While Verdicchio is an undisputed signature grape for white Marche wines, the situation with red winemaking is not as straightforward. The region has several autochthonous varieties, but their limited cultivation and — what is more important — little potential for producing great wines do not allow them to perform an ambassadorial mission on the domestic and international markets. Montepulciano and Sangiovese are most widely spread of all red varieties. Because the former is usually associated with Abruzzo and the latter — with Tuscany, winemakers face a real challenge to promote their wines under the banner of Marche. The largest by vineyard size Rosso Piceno DOC leads by volume; Rosso Conero DOC and recently created Conero DOCG offer most potential in terms of quality.

Rosso Conero is one of the first Italian denominated zones.
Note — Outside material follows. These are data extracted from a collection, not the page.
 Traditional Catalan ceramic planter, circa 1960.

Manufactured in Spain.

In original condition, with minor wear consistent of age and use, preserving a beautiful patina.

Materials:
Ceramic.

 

It was named after Monte Conero peak that prominently stands over the shoreline to the south of Ancona, the capital of the region. Vineyards are located on the slanting slopes of this high hill, and soils contain chalk, clay, minerals and sea sediment. It is worth noting that the area’s development followed evolutionary, rather than revolutionary path. First Sangiovese dominated on the vineyards and in the wines, but with a changing focus towards quality production wineries were getting in favour of Montepulciano. Today it is considered to be a more important grape in this area than Sangiovese, and DOC production norms were renewed to reflect this situation. According to the new rules, wines contain minimum 85% of Montepulciano, and the share of Sangiovese and other non-aromatic red varieties cannot exceed 15%. Starting from 2004 harvest, winemakers can use a more prestigious Conero DOCG labeling if wines contain Montepulciano (85-100%) with a possible addition of Sangiovese (up to 15%) and are aged for two years. The territory’s potential is confirmed by such producers as Fattoria Le Terrazze, Marchetti, Silvano Strologo, Umani Ronchi.
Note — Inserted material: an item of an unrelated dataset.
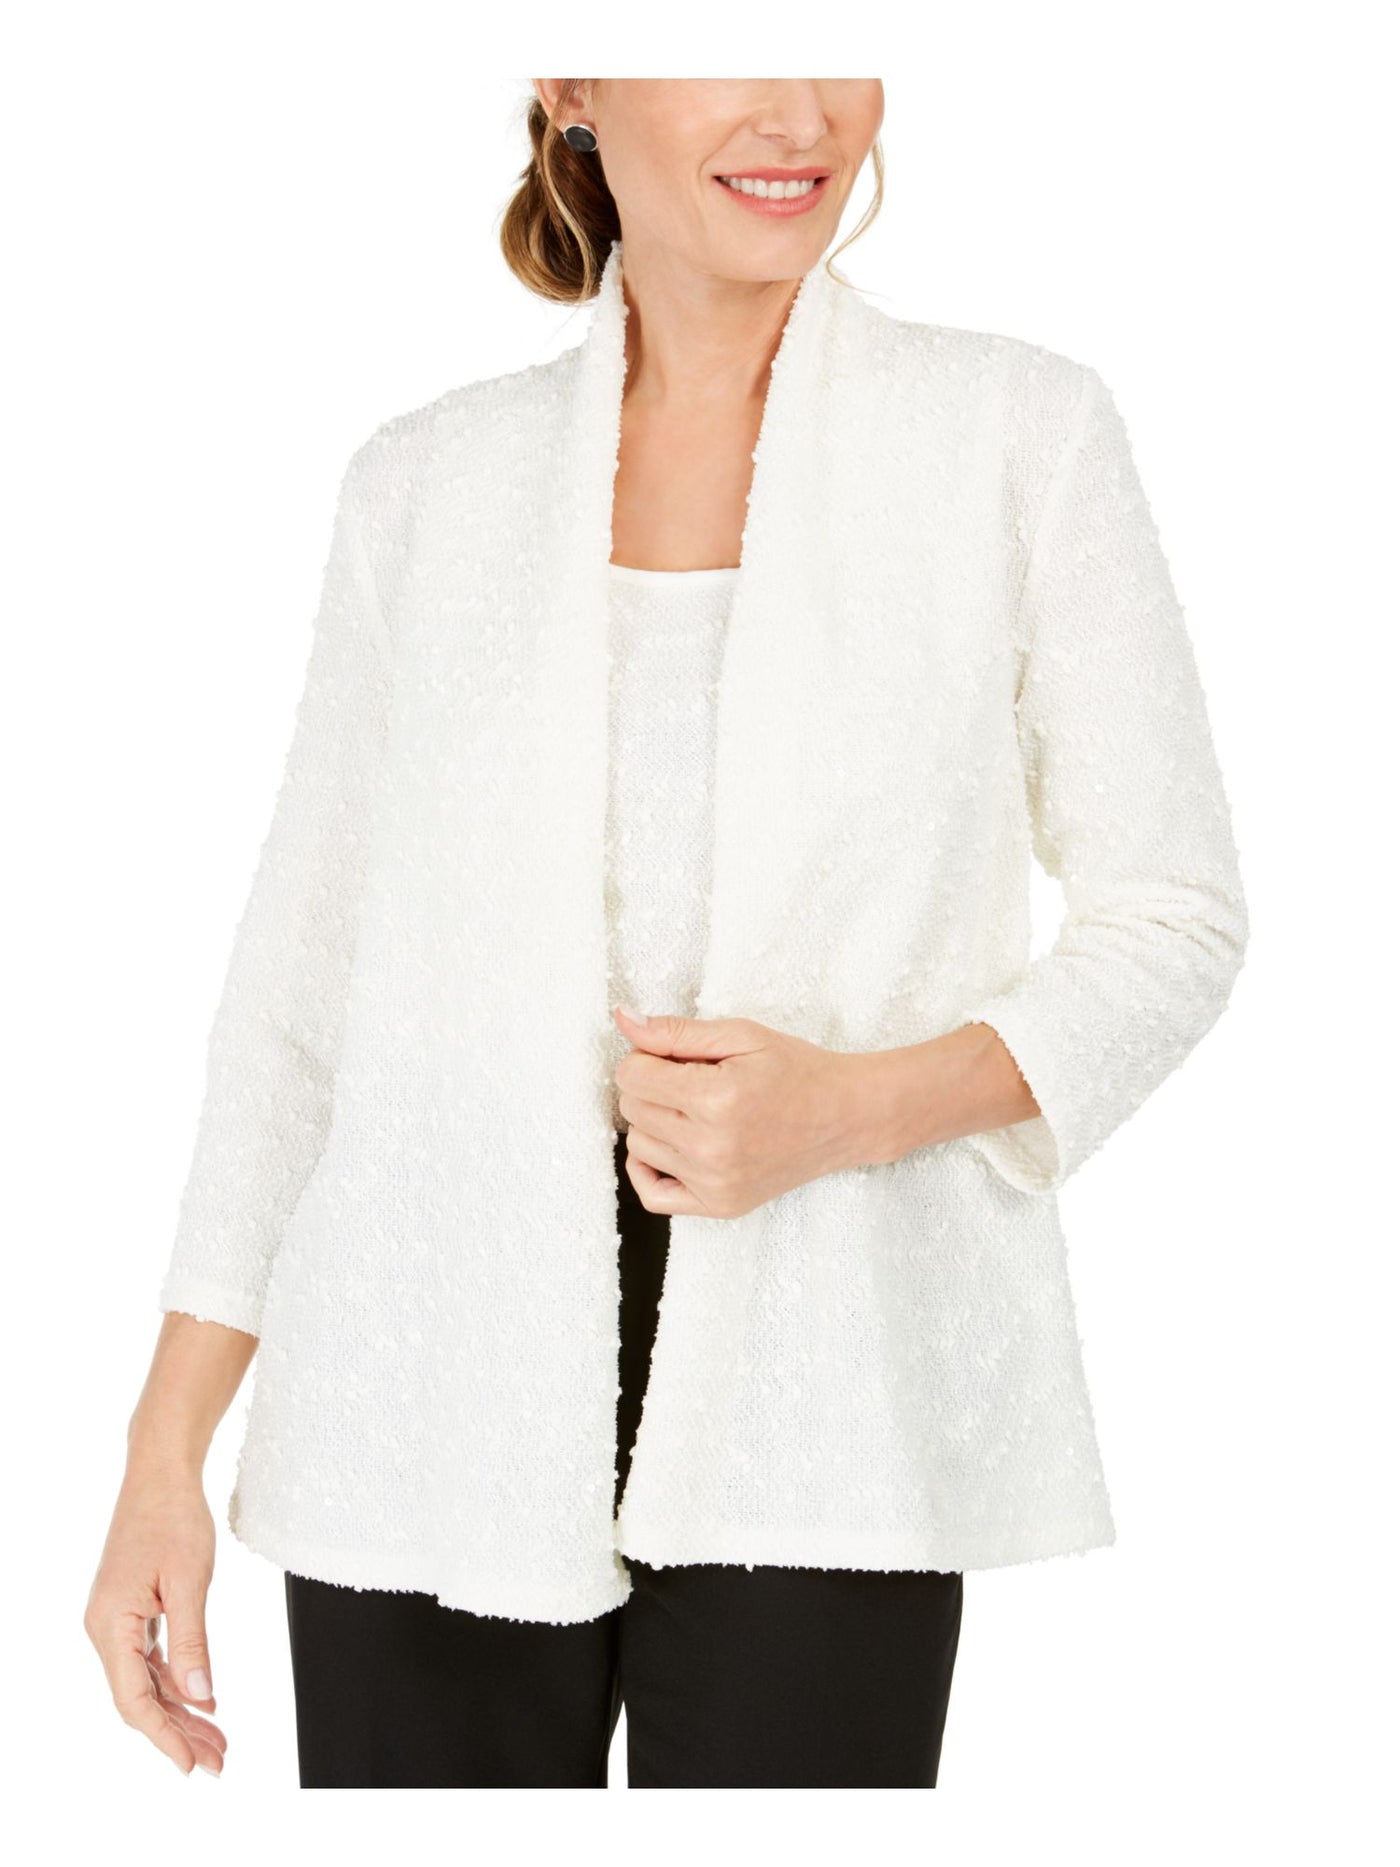 KASPER Womens Ivory Embroidered Textured 3/4 Sleeve Open Cardigan Evening Cardigan Petites PS

Lacrima di Morro d’Alba is Marche’s curious specialty. Notwithstanding the word ‘Alba’ the grape has no links with Piedmont and is cultivated on a limited area around Morro d’Alba commune to the north of Ancona. The variety was under threat of extinction 20 years ago when the plantings covered only 7 hectares. To stimulate winemakers, Lacrima di Morro d’Alba DOC was created in 1985 which raised prices for grapes. Gradually the variety returned from oblivion and today it is cultivated by 70 estates on approximately 250 hectares. Lacrima has an original floral perfume reminding of sweet aromas of Bulgarian rose essence. This often creates directly opposite reactions from tasters who either find it attractive or dismiss it. Various estates offer their versions of wine — from light, young and easy-to-drink to concentrated and structured. The most appealing interpretation of the grape should perhaps be sought in rose wines where usual red fruit are combined with lovely floral nuances. Antica Cantina Sant’Amico, Marotti Campi, San Lorenzo, Stefano Mancinelli — these are some producers who make good Lacrima di Morro d’Alba.

Like many Italian regions, Marche’s strength lies in diversity of winemaking and original wines. One can easily find good quality wines there. Reasonable pricing is an additional advantage that should especially appeal to adventurous wine lovers eager to open new territories and grape varieties.